University Of Houston, Houston TX

Investigators

Abstract

Organisms have developed numerous mechanisms for resisting predators and pathogens. These mechanisms are generally thought to incur a "cost" to the organism, such that predator resistant organisms are inferior competitors (relative to sensitive organisms) in the absence of predators. However, the causes and consequences of this tradeoff have proven difficult to examine in most experimental systems. Escherichia coli and its viral predators (bacteriophage) are ideal model organisms with which to study this tradeoff, because they are easy to propagate, they grow rapidly and because there is an abundance of background literature on their biology. Experiments will be performed that directly examine the genetic and physiological causes of the tradeoff between competitive ability and bacteriophage resistance in E.coli, and the effects of this tradeoff on populations and communities over short (ecological) and long (evolutionary) time scales under specific environmental conditions.

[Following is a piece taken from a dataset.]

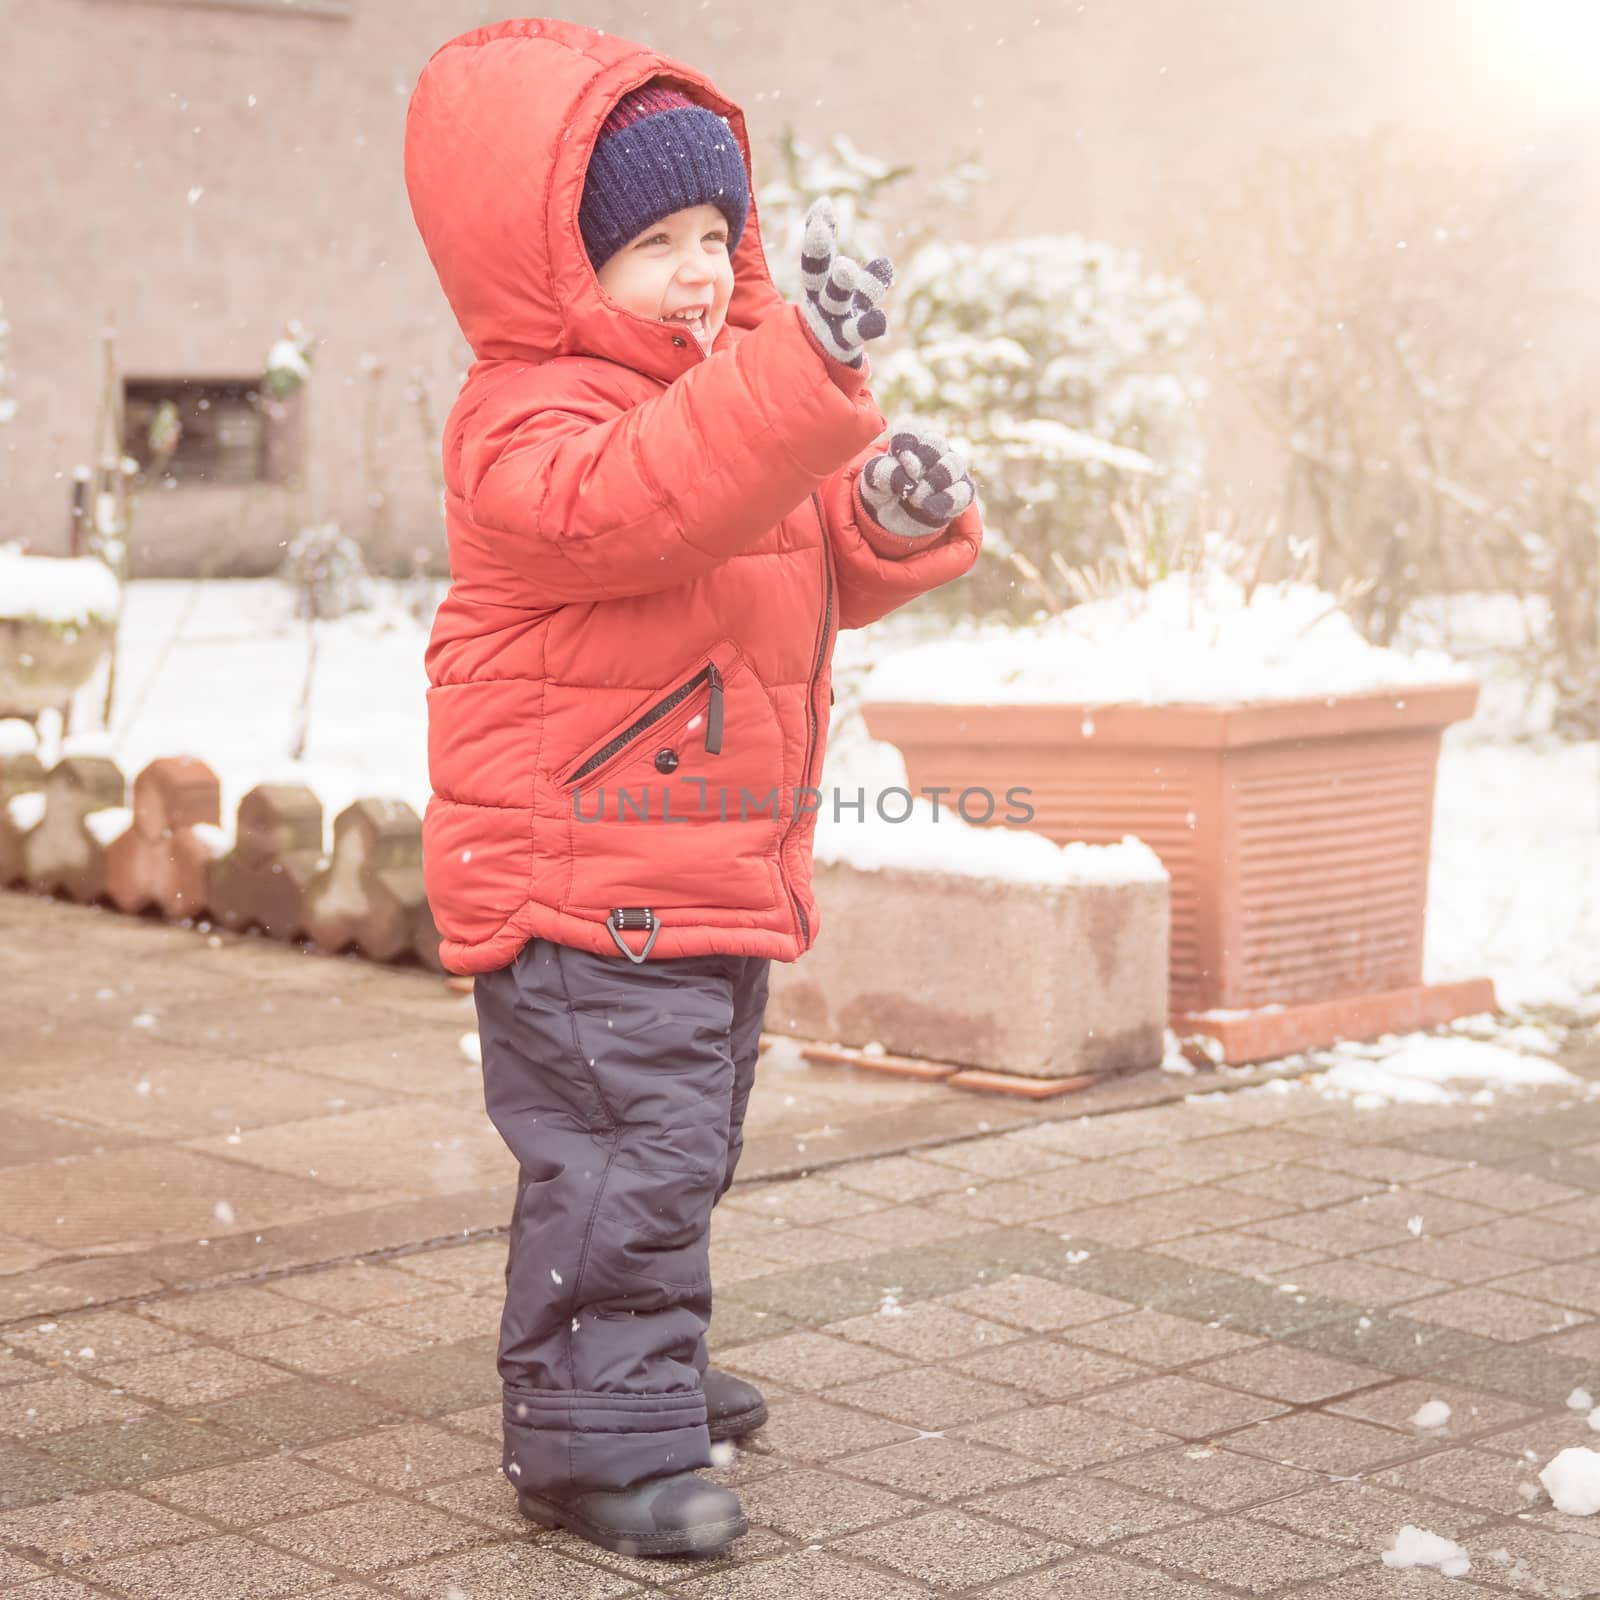 Infant boy smiles cheerfully while it's snowing,dressed in a red winter jacket and a woolen hat.

The premise that there is a tradeoff between resistance and competitive ability forms the basis for numerous hypotheses on the origin of biodiversity and the interaction of predators or pathogens and their prey. Understanding this tradeoff will have widespread value in both pure and applied sciences, including increasing the accuracy of predictions of climate change effects on biodiversity, the impact of foreign species introduction, and the evolution of virulence in human pathogens.